## [Your assignment]
Your answer should consist only of the lines below from the one with "hd wallpaper city" through the one with "Sweatshirts The North", copied exactly.

## [Dataset excerpts]
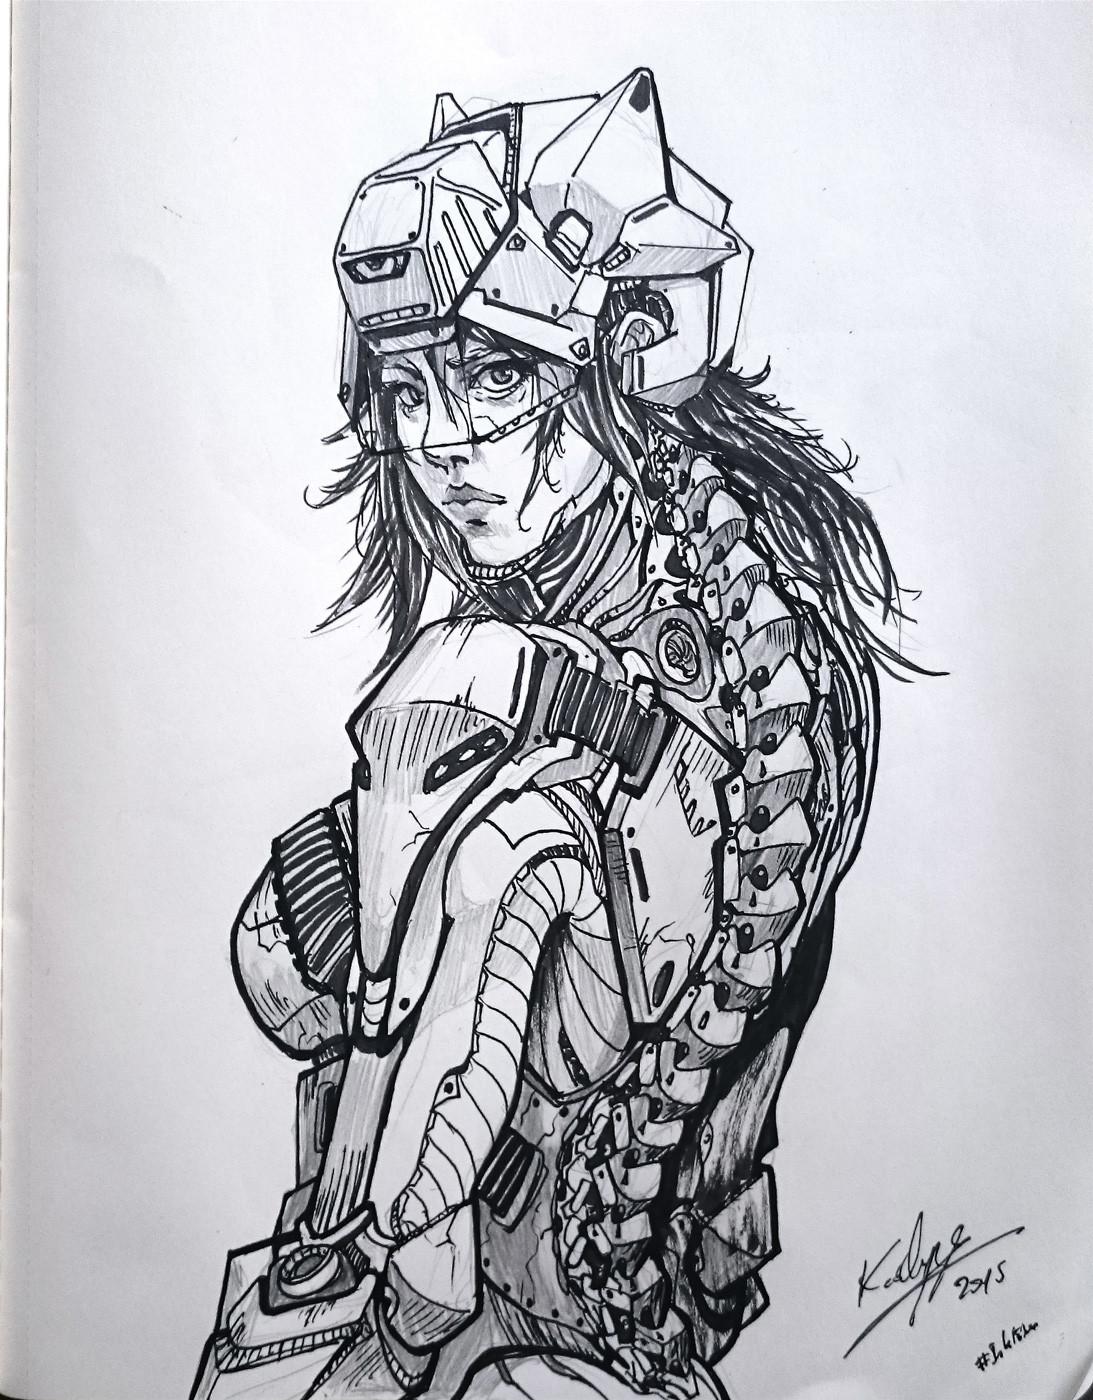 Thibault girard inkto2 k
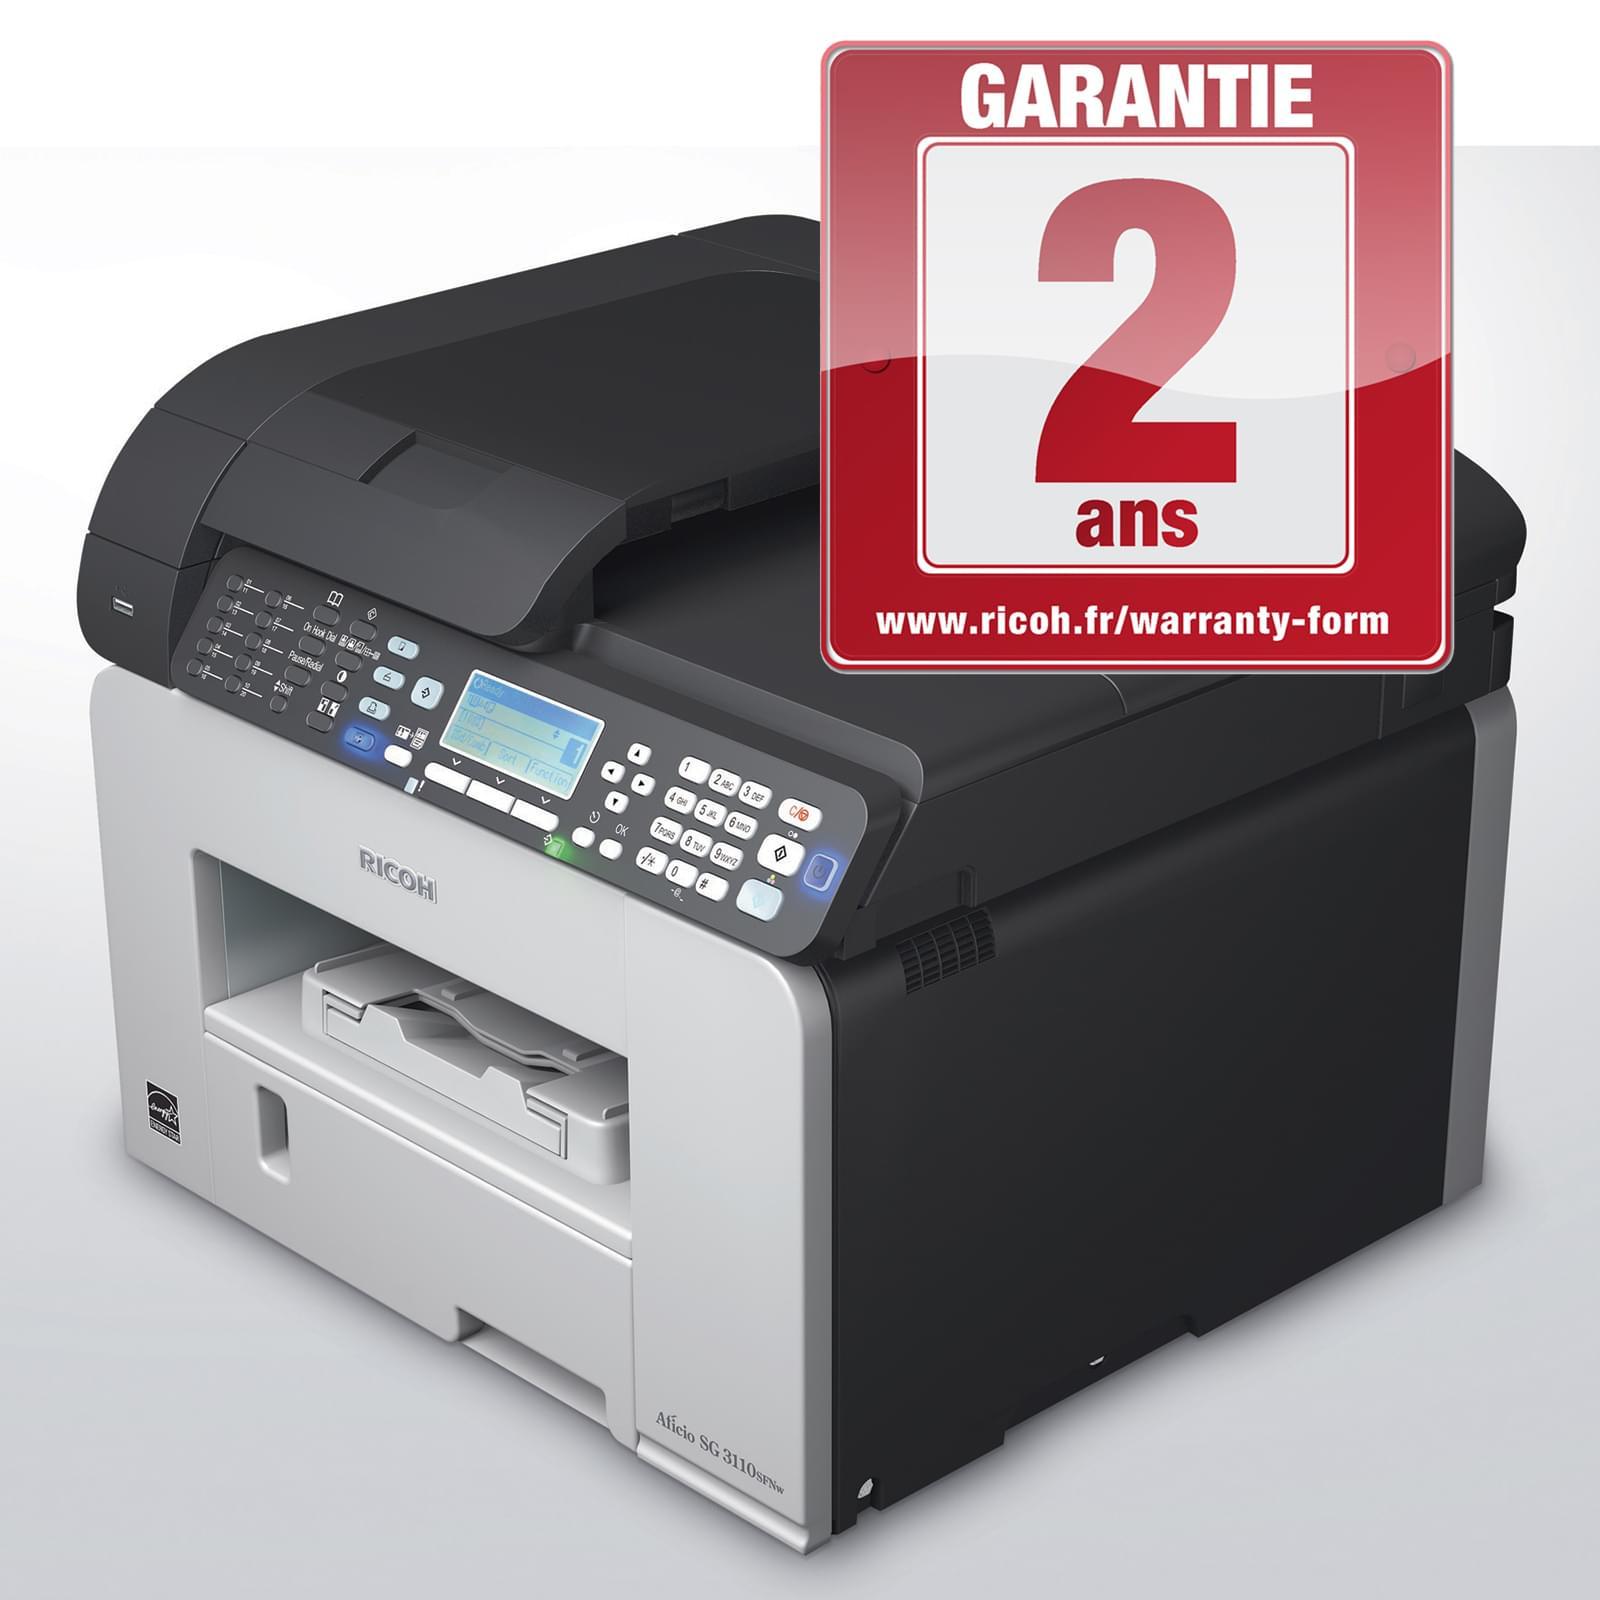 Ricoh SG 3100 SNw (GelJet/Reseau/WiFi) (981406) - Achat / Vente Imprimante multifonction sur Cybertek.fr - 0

==

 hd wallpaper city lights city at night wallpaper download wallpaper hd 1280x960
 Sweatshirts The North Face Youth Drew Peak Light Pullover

## [Expected answer]
 hd wallpaper city lights city at night wallpaper download wallpaper hd 1280x960
 Sweatshirts The North Face Youth Drew Peak Light Pullover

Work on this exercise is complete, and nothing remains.